*** THE DATA ***

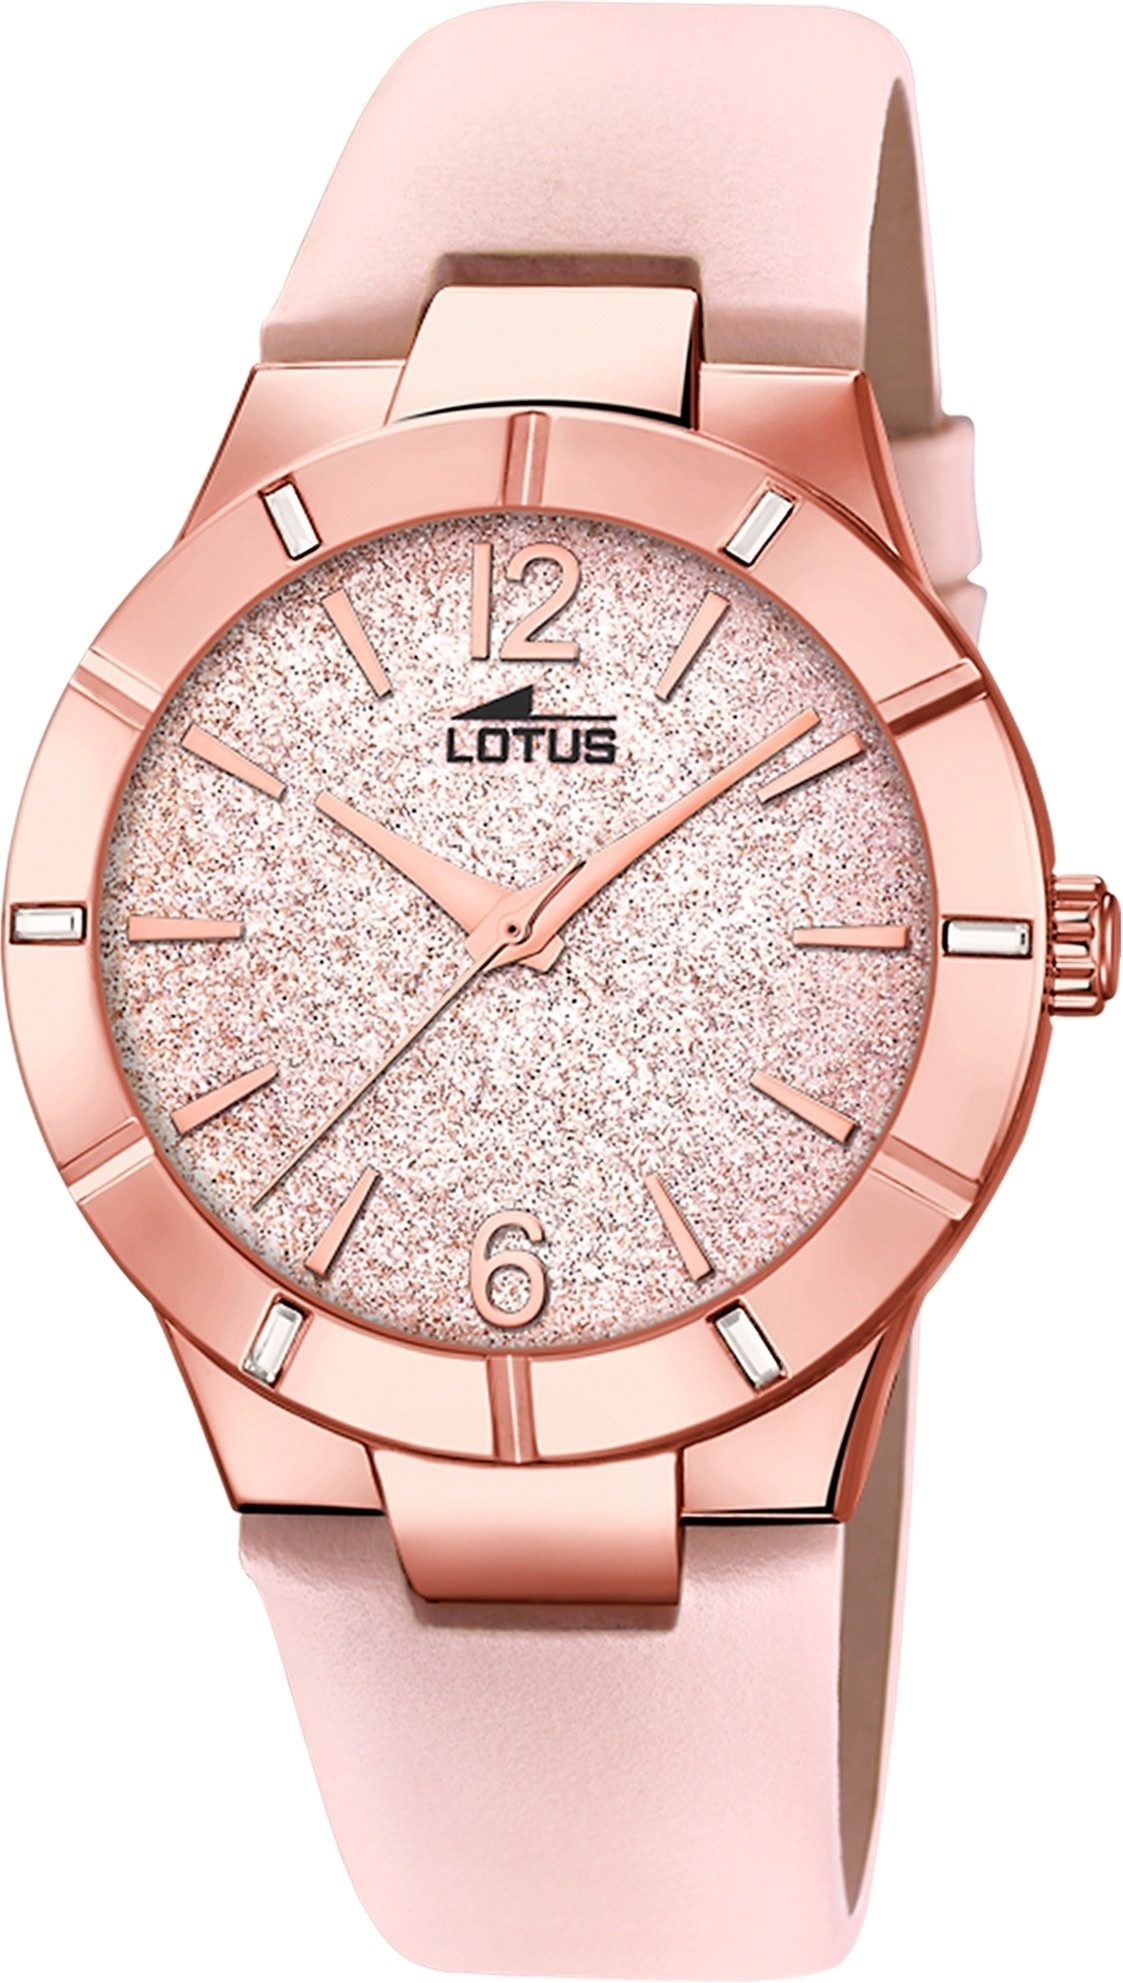 Lotus Quarzuhr Lotus Damenuhr Trendy Armbanduhr Leder, (Analoguhr), Damen Armbanduhr rund, mittel (ca. 36mm), Edelstahl, Luxus
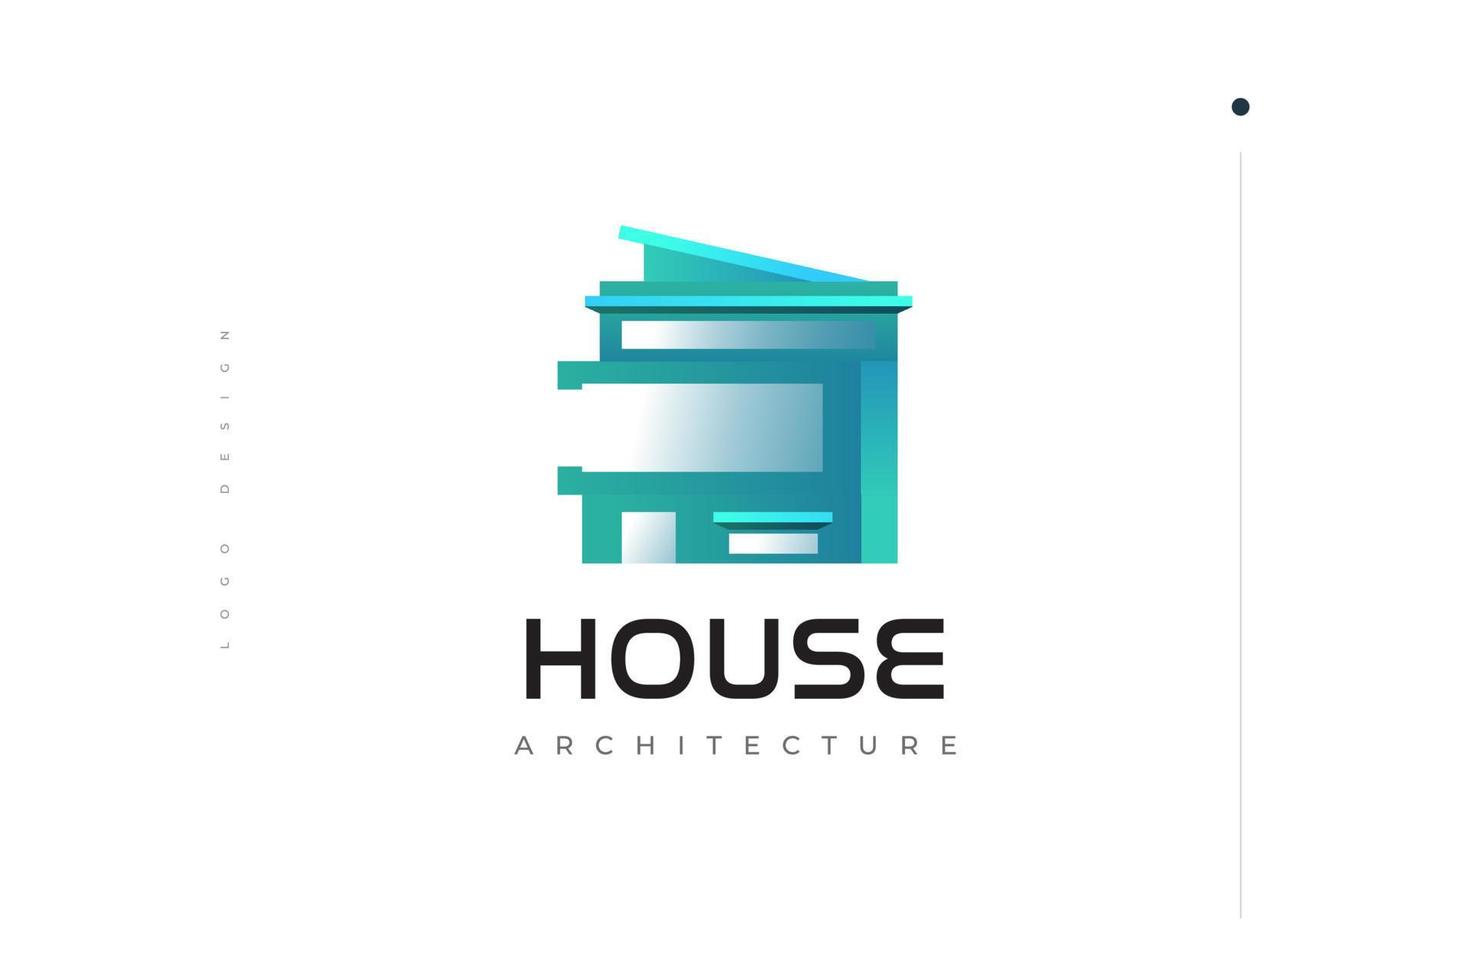 modernes und futuristisches hauslogodesign. blaues abstraktes hauslogo für immobilien- oder gebäudearchitekturmarkenidentität vektor
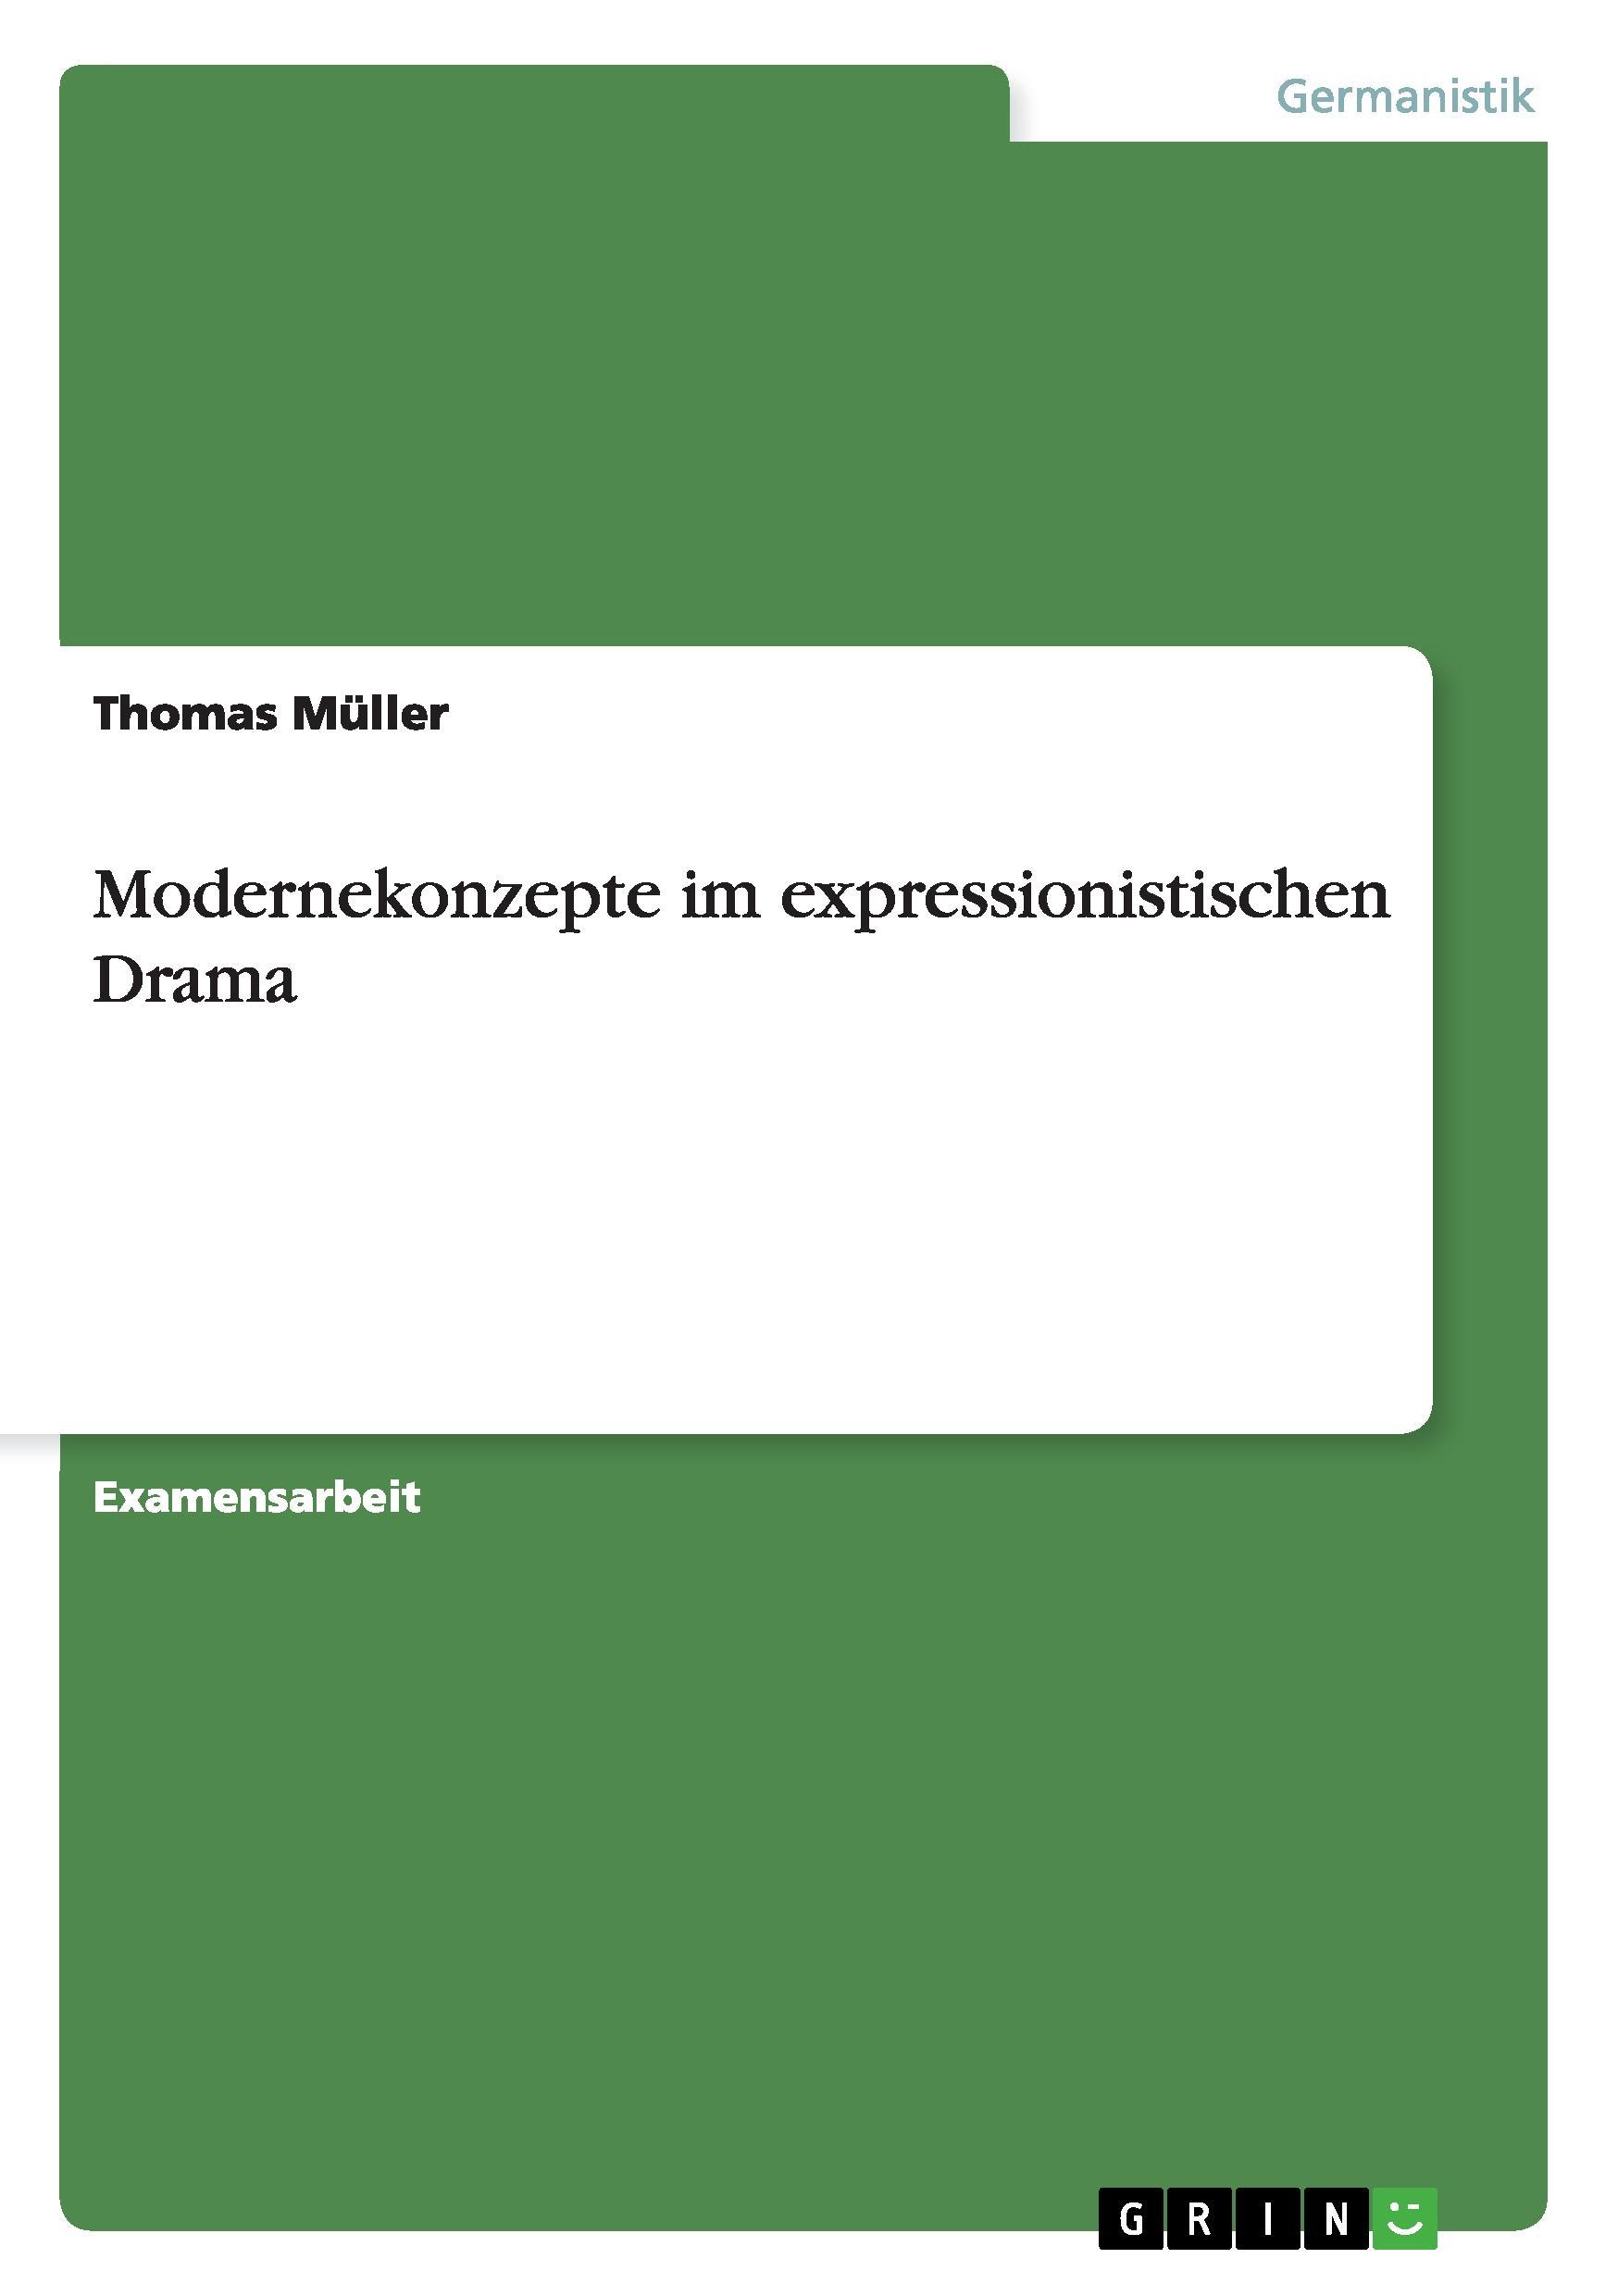 Modernekonzepte im expressionistischen Drama - Mueller, Thomas

*** End of THE DATA ***

**TASK PROMPT**: Leave every image out, and retype the material exactly.

**TASK RESULT**:
 Lotus Quarzuhr Lotus Damenuhr Trendy Armbanduhr Leder, (Analoguhr), Damen Armbanduhr rund, mittel (ca. 36mm), Edelstahl, Luxus
 modernes und futuristisches hauslogodesign. blaues abstraktes hauslogo für immobilien- oder gebäudearchitekturmarkenidentität vektor
 Modernekonzepte im expressionistischen Drama - Mueller, Thomas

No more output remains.